L'Internet et les considérations éthiques
Le monde a vécu une série de révolutions dans le domaine des communications. Chacune d’elles a accéléré le rythme et élargi la portée de nos échanges. Et chacune d’elles a créé de nouveaux problèmes éthiques pour les usager.ere.s et les sociétés.
La première révolution dans la technologie des communications (à part l’invention initiale de l’écriture) a été l’invention de l’imprimerie par Gutenberg vers 1450. Avant la presse à imprimer, les êtres humains communiquaient de façon orale ou bien – pour la minorité qui savait lire et écrire – en s’attelant à la tâche laborieuse d’écrire des missives et de les faire livrer à leur récipiendaire. Étant donné que les mots ne voyageaient pas très loin, la société ne se préoccupait guère de l’aspect éthique de ce qui était dit et écrit, tant que cela respectait les croyances religieuses établies.
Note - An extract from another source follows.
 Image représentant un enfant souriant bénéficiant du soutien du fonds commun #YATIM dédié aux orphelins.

La presse à imprimer a changé la donne en permettant la création de milliers d’exemplaires de messages et leur distribution vaste et anonyme. Propulsée par une alphabétisation croissante, cette invention a élargi la portée des propos. Soudain, un message pouvait causer des dommages graves et étendus. L’éthique et le droit ont été appelés en renfort. Les pays ont adopté des lois interdisant les propos séditieux ou hérétiques ainsi que des lois sur la diffamation pour contrer les faussetés qui nuisaient à des réputations. Les messages haineux ont fini par être interdits. Et notre droit actuel reflète ces préoccupations éthiques.
La dernière décennie du vingtième siècle a vu émerger une deuxième révolution dans les communications : les communications numériques. Si l’imprimerie a amplifié la portée des mots, la révolution numérique l’a fait à une échelle monstre. Elle a permis à tous d’envoyer un message n’importe où dans le monde, à un auditoire vaste et inconnu et ce, de manière anonyme et sans contraintes. Cela a marqué une grande avancée dans l’aptitude des êtres humains à communiquer, ce qui est positif en théorie.
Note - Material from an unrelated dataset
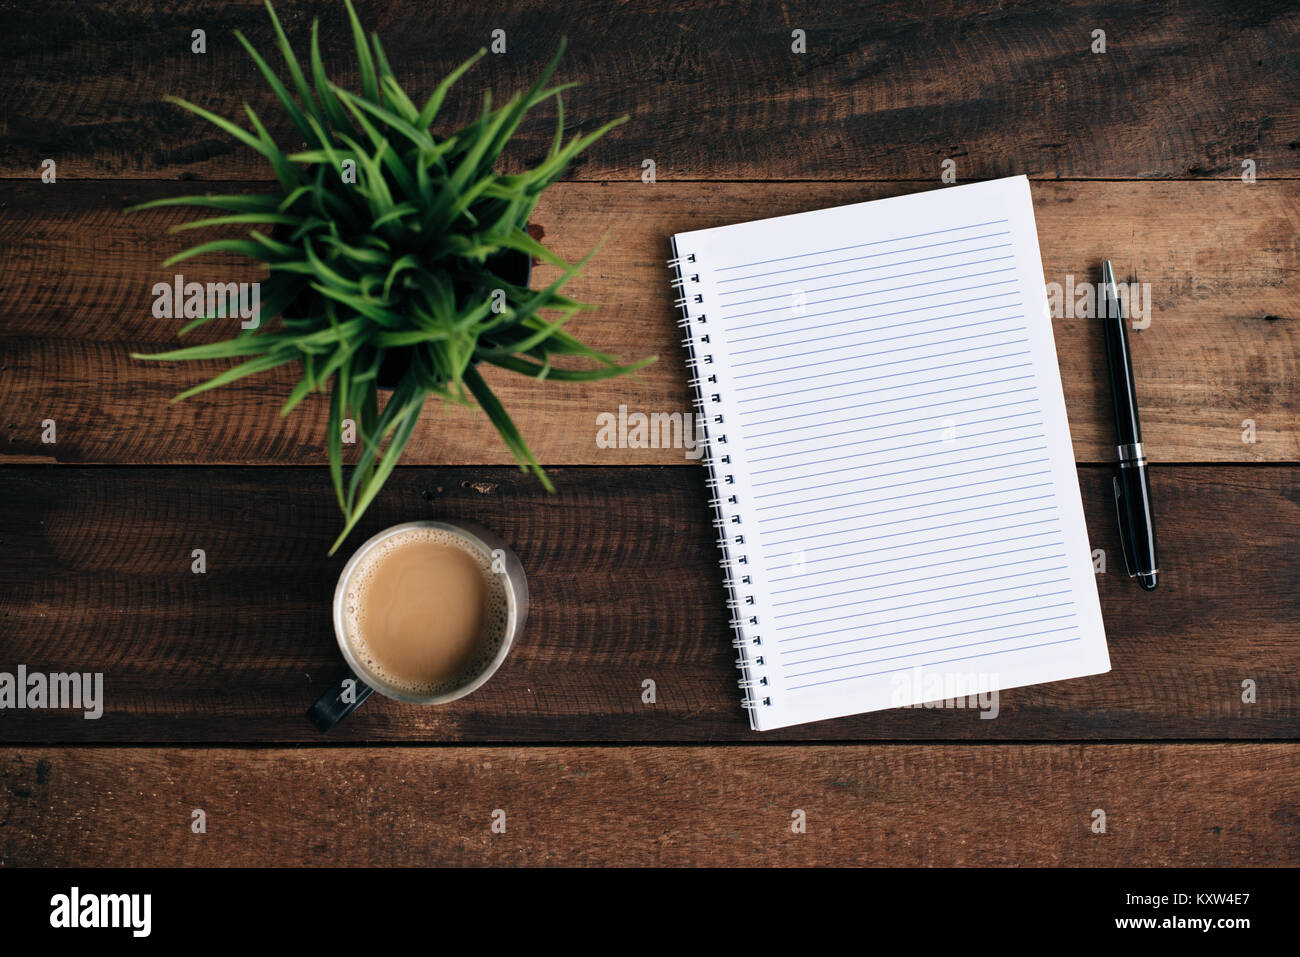 Kaffee, Gläser Kugelschreiber, grüne Pflanze und leeren Notebook auf Holztisch. Flach Top View Stockfoto

La révolution numérique a néanmoins un côté funeste. Elle amplifie non seulement les propos édifiants, mais également les propos nuisibles tels que les propos haineux, le racisme, la pornographie, le harcèlement et la désinformation capables de déformer les processus politiques. L’effet de silo (la tendance des utilisateur.trice.s à se cantonner aux sites Web qui représentent leurs propres croyances et opinions) a aggravé davantage les conséquences négatives et a fait de théories conspirationnistes des messages viraux. Au lieu d’évoluer parmi des points de vue divers, les habitants de l’âge numérique s’enfoncent dans leurs croyances. Si on parlait anciennement de la quête de la vérité, la quête dorénavant – pour de nombreux internautes – se résume à chercher ce qu’on veut entendre.
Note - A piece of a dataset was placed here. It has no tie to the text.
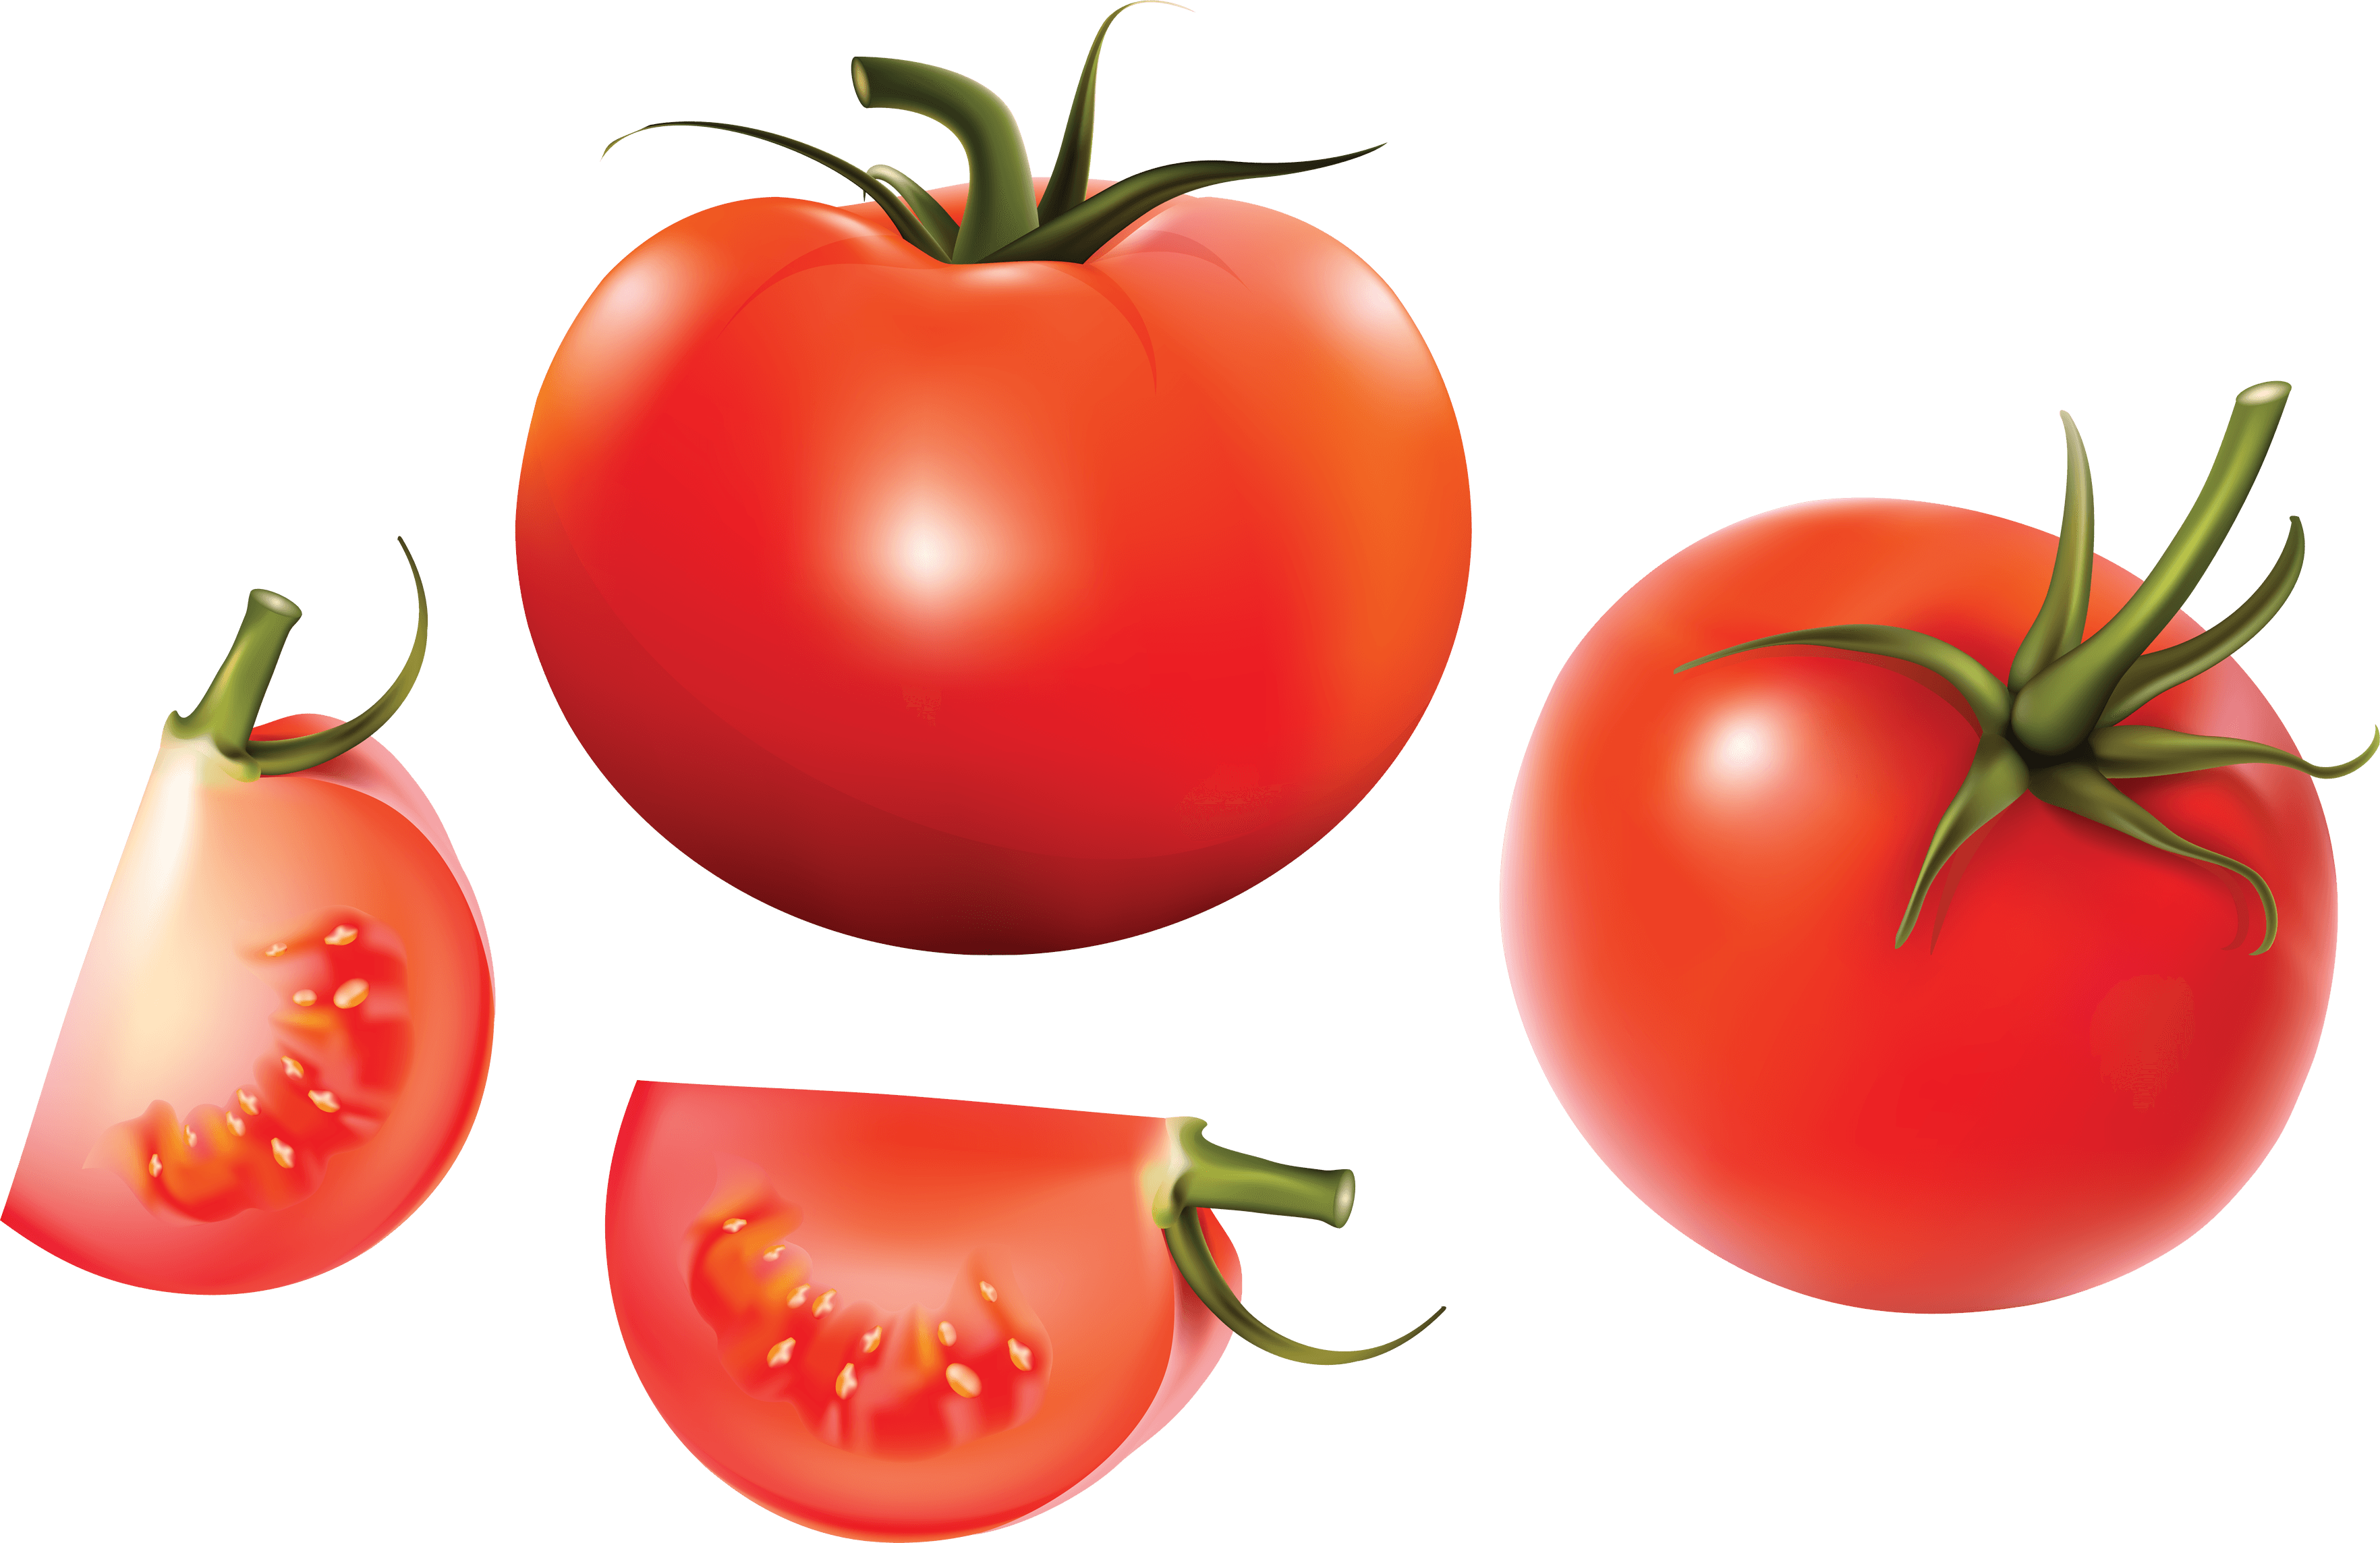 Tomato splattered frames illustrations. Tomatoes clipart vector

La face sombre de la révolution numérique soulève une pléthore de nouvelles inquiétudes éthiques, des inquiétudes avec lesquelles il est plus difficile de composer qu’avec celles qu’on associe à l’invention de l’imprimerie. Les plateformes numériques fonctionnent largement hors de la portée de la loi; elles obéissent non à des considérations éthiques mais à des algorithmes conçus pour maximiser les revenus de publicité peu importe le contenu des messages diffusés. Même si les plateformes voulaient éradiquer les maux liés à l’Internet, le défi est immense vu le volume de la diffusion et le fait que des propos problématiques peuvent être largement diffusés avant d’être retirés. Sans compter les risques de censure et de violation de la liberté d’expression.
Les implications éthiques de la révolution numérique sont énormes et complexes. Les pays du monde entier, y compris le Canada, cherchent des moyens d’encadrer les plateformes. Certains pays, comme l’Allemagne, ont adopté des lois de retrait forçant les plateformes à retirer les messages offensants. En mettant de côté le spectre de la censure étatique (qui soulève des questions éthiques en soi) d’aucuns remettent en question l’efficacité de cette approche; comment précisément une politique de retrait peut-elle être surveillée et mise en œuvre dans notre monde aux milliards de messages ?
Une approche différente (recommandée par un rapport récent du Forum des politiques publiques) serait une approche systémique qui aurait pour but d’accroître la transparence dans la transmission des messages par les plateformes et leurs algorithmes et d’augmenter le pouvoir des utilisateur.trice.s par l’éducation et la sensibilisation. L’espoir est qu’une approche systémique, alliée à l’application des lois existantes contre les discours offensants par l’État, et davantage de politiques proactives par les plateformes, pourraient donner de bons résultats afin de relever les défis posés par la révolution numérique.
Nous faisons bien de nous intéresser aux implications éthiques de l’ère numérique. Et nous devons trouver des solutions aux problèmes actuels.